Description Eugene 2012-10-09 10:27:31 UTC
Created attachment 82701 [details]
lspci

OS: Kubuntu 12.10
kernel 3.6 took here: http://kernel.ubuntu.com/~kernel-ppa/mainline/
Motherboard: ASUS P5B-Deluxe (ICH8 and JMB36x)


When I installed kernel 3.6 (and later 3.6.1) I found it can't boot my system. But with kernel 3.5.0-17 (from distro) all is fine.  Next messages appears during boot with kernel 3.6(.1):

ata7: ACPI get timing mode failed (AE 0x300b)
ata7: ACPI get timing mode failed (AE 0x300b)
ata7: ACPI get timing mode failed (AE 0x300b)
ata7: prereset failed (errno=-19)
ata7: reset failed, giving up

ata8: ACPI get timing mode failed (AE 0x300b)
ata8: ACPI get timing mode failed (AE 0x300b)
ata8: ACPI get timing mode failed (AE 0x300b)
ata8: prereset failed (errno=-19)
ata8: reset failed, giving up

Gave up waiting for root device. Common problems:
- Boot args (cat /proc/cmdline)
  - Check rootdelay= (did the system wait long enough?)
  - Check root= (did the system wait for the right device?)
- Missing modules (cat /proc/modules; ls /dev)

ALERT! /dev/disk/by-uuid/8e6ab4ba-b981-4821-8683-9fa908a748e5 does not exist.

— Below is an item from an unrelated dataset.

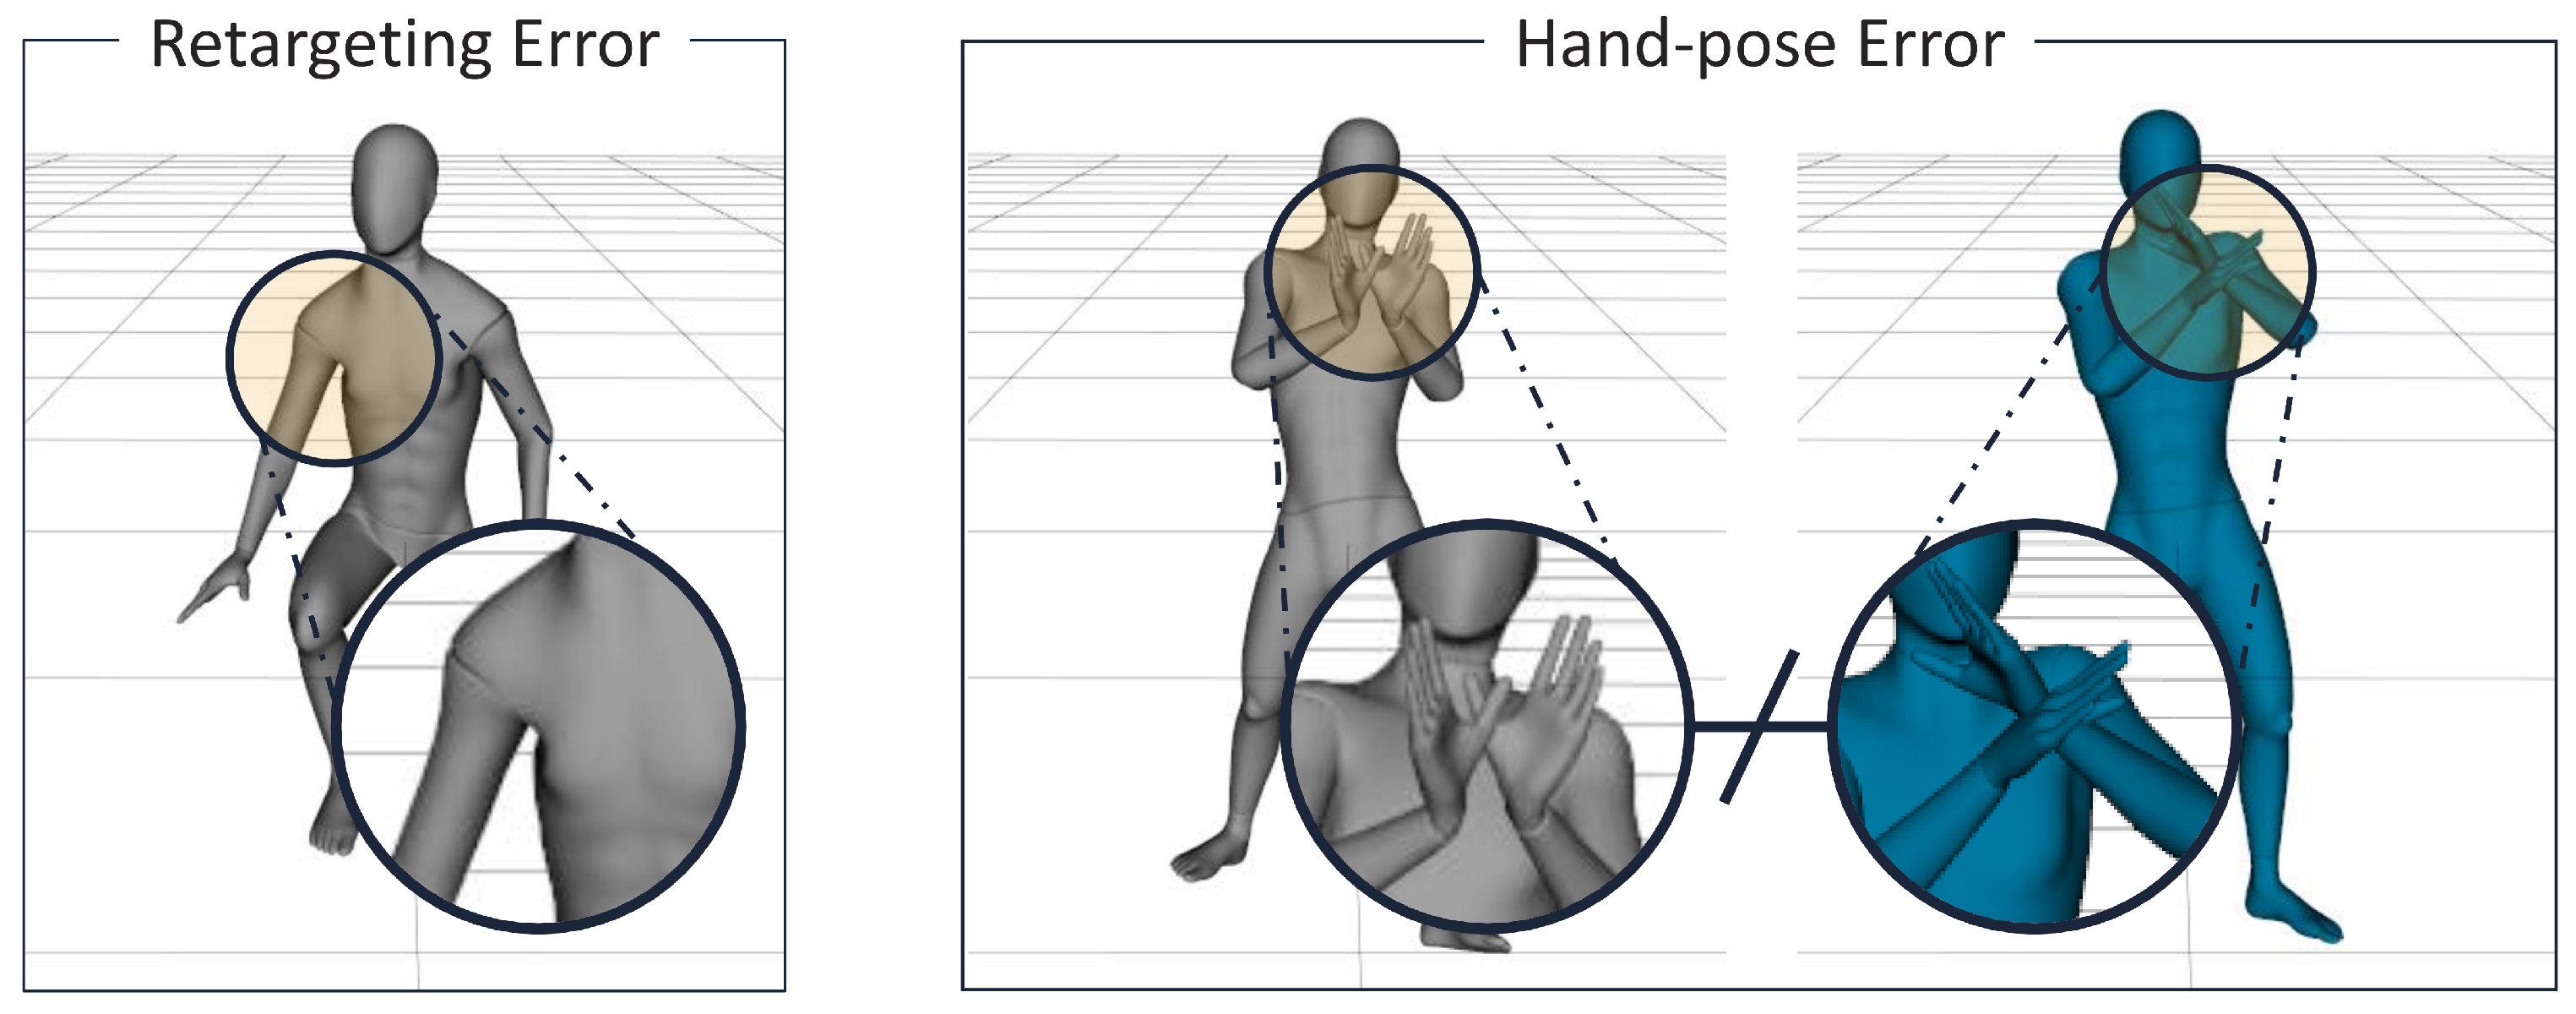 Residual Pose: A Decoupled Approach for Depth-Based 3D Human Pose Estimation

Dropping to a shell!

BusyBos v1.19.3 (Ubuntu 1:1.19.3-7ubuntu1) built-in shell (ash)
Enter 'help' for a list of built-in commands
(initramfs)
Comment 1 Eugene 2012-10-09 10:30:36 UTC
Created attachment 82711 [details]
dmesg with kernel 3.5.0-17
Comment 2 RussianNeuroMancer 2012-10-12 06:08:52 UTC
Same issue with JMB368 IDE-controller. With Linux 3.5 system boot fine. Do I need to provide additional information?
Comment 3 Alan 2012-10-12 15:36:55 UTC
Can you attach a dmesg as well.. looks like 3.6 broke the Jmicron controllers.
Comment 4 RussianNeuroMancer 2012-10-12 19:03:20 UTC
Created attachment 83051 [details]
dmesg with Linux 3.5

Sure.
Comment 5 Eugene 2012-11-06 15:22:34 UTC
Do you need some more info or it is enough to start fixing the bug ?
Comment 6 Alan 2012-11-06 16:09:20 UTC
Bugzilla is just used to track bugs not fix them. Thats a question to direct to your distribution.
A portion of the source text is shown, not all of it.